There are a few limitations that bear mentioning. We have aggregated those who believe in anthropogenic climate change with those who believe in climate change but not an anthropogenic contribution in much of the analysis. Prior research has shown that these groups are heterogeneous (Poortinga et al. 2011); this relationship should be explored in more depth. Additionally, there are characteristics of our study population that may have attenuated the influence of the drought on beliefs and risk perceptions. First, agriculture is an industry that is regularly affected by weather and climate variability, which may make agricultural advisors’ beliefs and attitudes more resilient to drought. Agricultural advisors are also more educated than the general public and are experts in their field, though not necessarily climate experts. While one might expect highly educated experts to be more likely to align with scientific consensus, prior research shows this is not necessarily the case (Carlton and Jacobson 2015). Additionally, the instability in climate change beliefs (with around 17 % of respondents changing beliefs, though not in a predictable way) suggests that any climate expertise that agricultural advisors have does not necessarily cause them to uniformly agree with the scientific consensus on climate change. Finally, there is the buffer provided by crop insurance and advances in crop genetics, which together greatly reduced financial losses during the 2012 drought. Current crop insurance policy allows farmers to protect revenues not only from crop loss but also from changing prices. While most producers lost yield from the drought, the increase in prices partially covered their losses during the drought, easing much of the financial burden. These complexities are important and should be explored to increase understanding of this critical sector.

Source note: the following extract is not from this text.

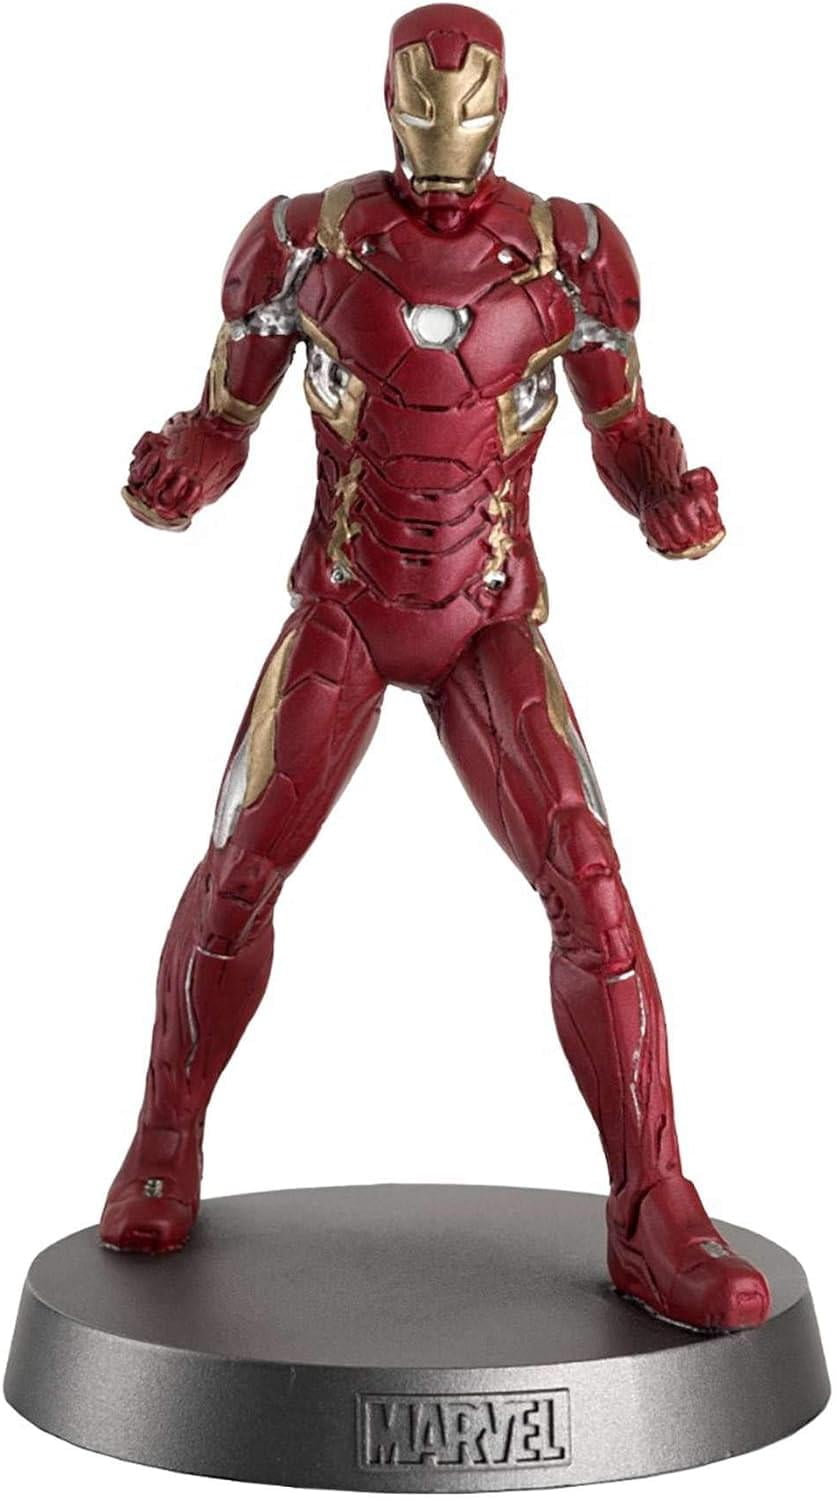 Hero Collector Marvel Heavyweights Collection | Groot Heavyweight Metal  Figurine 4 by Eaglemoss
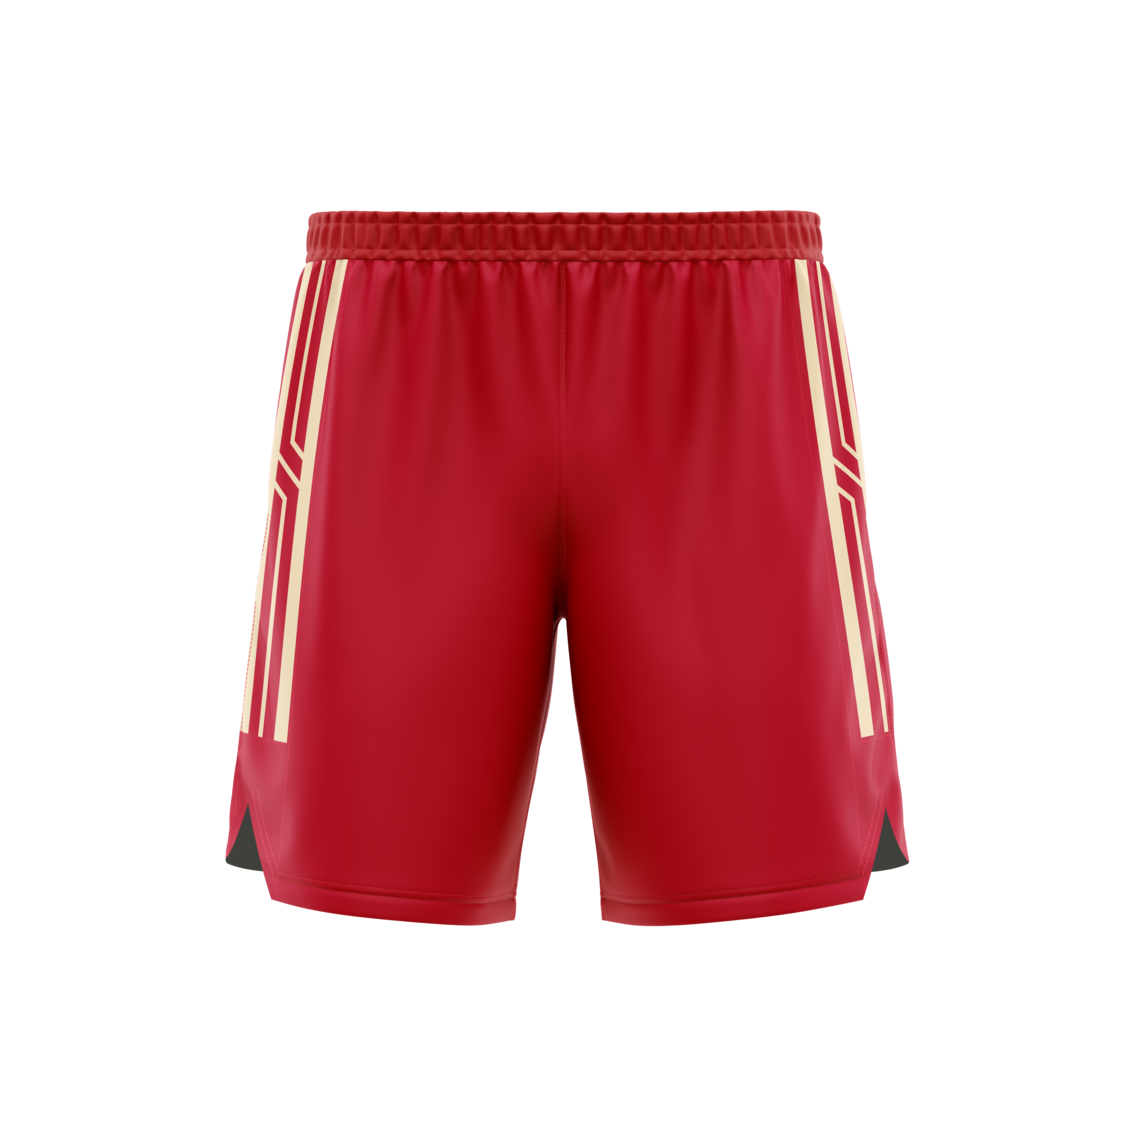 Juaraga Persija Short Pants - Player Issue Home Player Fervor Knit - Merah

Our findings suggest that even if extreme events make the effects of climate change more cognitively available, climate change beliefs are resistant to change. Overall, 72.8 % of survey respondents believed in climate change in 2012 vs. 73.6 % in 2013. The question remains, then, what is enough to spur a change in climate change beliefs among the remaining holdouts? Are beliefs largely settled, with certain segments of society unpersuadable? Is there something about the agriculture sector that makes it unlikely to change? What about other natural resources sectors that may not be adapting to climate change (e.g., forestry in Carlton et al. 2014)? What is the role of crop insurance in driving climate inaction in agriculture? Given the large role of agriculture in the climate change story, these are important questions to address.